Introduction to carbohydrates | High school biology | Khan Academy
What we're going to do in this video is give ourselves a quick introduction to carbohydrates. You might already be familiar with the notion if you look at some packaged food. There's usually a nutritional label, and it'll say carbohydrates; it'll tell you a certain number of grams per serving. Not all carbohydrates are edible, but many of the things that we eat or many carbohydrates are edible, and many of the foods we eat have some carbohydrate component to it.
But what's actually what is it actually? Well, we could look at the word, and we see carbo, so maybe it has something to do with carbons. And it says hydrates, so maybe it has something to do with water. If you said that, you'd be pretty close because carbohydrates do involve carbons. In fact, this is a very typical carbohydrate, a very simple one right over here. This is a glucose molecule, and in gray, you see that it has six carbons. The hydrate part refers to that carbohydrates typically have oxygen to hydrogens in the same ratio as you would expect in water. So for every one oxygen, two hydrogens.
And you see that right over here where in glucose you have one, two, three, four, five, six oxygens, and you have twelve hydrogens. And so this, that's where this word comes from. Now, another word that is often used interchangeably with carbohydrates is the term saccharide. Saccharide comes from Greek for sweet, and that makes sense because if you were to taste glucose, it would taste sweet to you.
Now, what's interesting about something like glucose is glucose can be a standalone molecule, a very simple sugar in this case, or you can build up larger molecules with really glucose as a building block.
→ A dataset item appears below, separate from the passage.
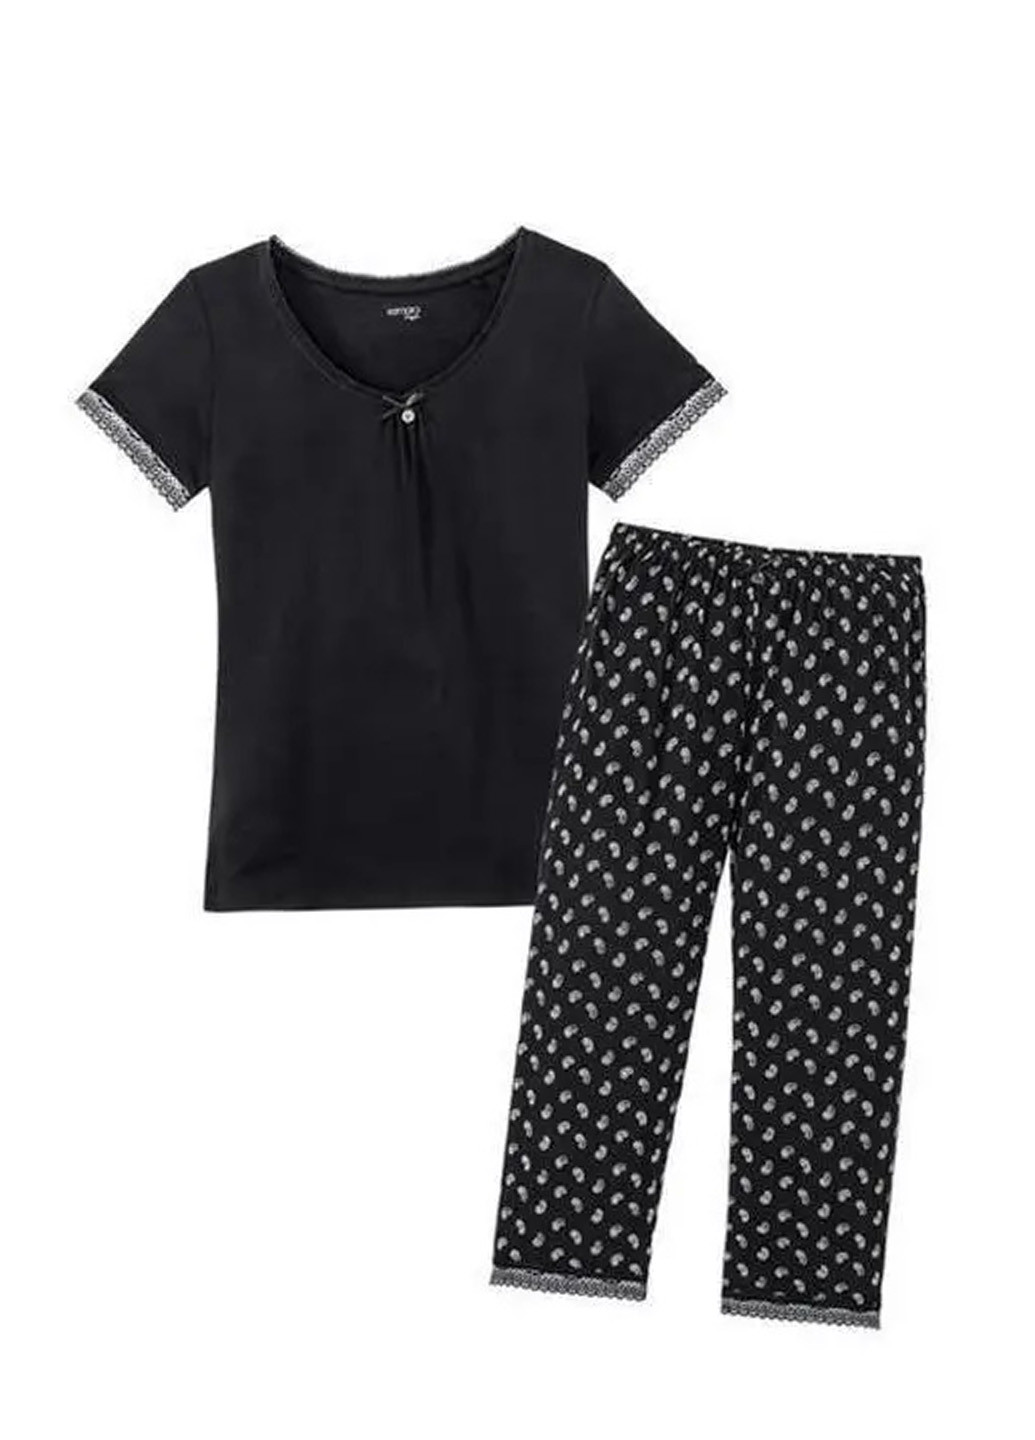 Черная всесезон пижама (футболка, бриджи) футболка + бриджи Esmara

So for example, right over here, we have a part of a glycogen molecule, and you can see it's just a repeating sequence of glucose molecules. And so something like this we would call glucose a monosaccharide; it's one simple sugar right over here, monosaccharide.
We would call this glycogen a polysaccharide. Poly; polysaccharide. Another way to think about it is glucose is the building block for the glycogen. Another term you might see is monomer and polymer. Those are the general terms of if I'm building a large molecule out of a chain of smaller ones, the building blocks we would consider to be monomers, and then the thing that we build out of those monomers could be our polymer.
As we'll see, this monomer-polymer phenomenon is not limited to carbohydrates or saccharides. We're going to see that same relationship, for example, between amino acids and proteins. Now, what role do carbohydrates play inside of biological systems? Well, saccharides or carbohydrates are often associated with a source of energy. Glucose can be converted very quickly to energy in biological cells.
Glycogen is also a store of energy in your liver and your muscles, and once again, it can be broken down into the glucose molecules, which once again is a very readily available source of energy. Now in plants, especially, some of these polysaccharides could also play a structural role if we're talking about things like cellulose, which is another polysaccharide.
So, there's also a structural role. Now I will leave you there. We have focused only on one type of monosaccharide in glucose and only on one type of polysaccharide in glycogen. As we will see, glucose does show up a lot, but there are many other types of monosaccharides, and there are many other types of polysaccharides.
Polysaccharides, in particular, are part of a broader group of molecules known as macromolecules. As you can imagine from the macro prefix, it's referring to large molecules oftentimes that have thousands of atoms in them. But don't get the wrong idea. They're very large at an atomic level, but each of these circles are still atoms, so you would still need a very, very, very, very powerful microscope to even take a look at even some of the largest macromolecules, including polysaccharides.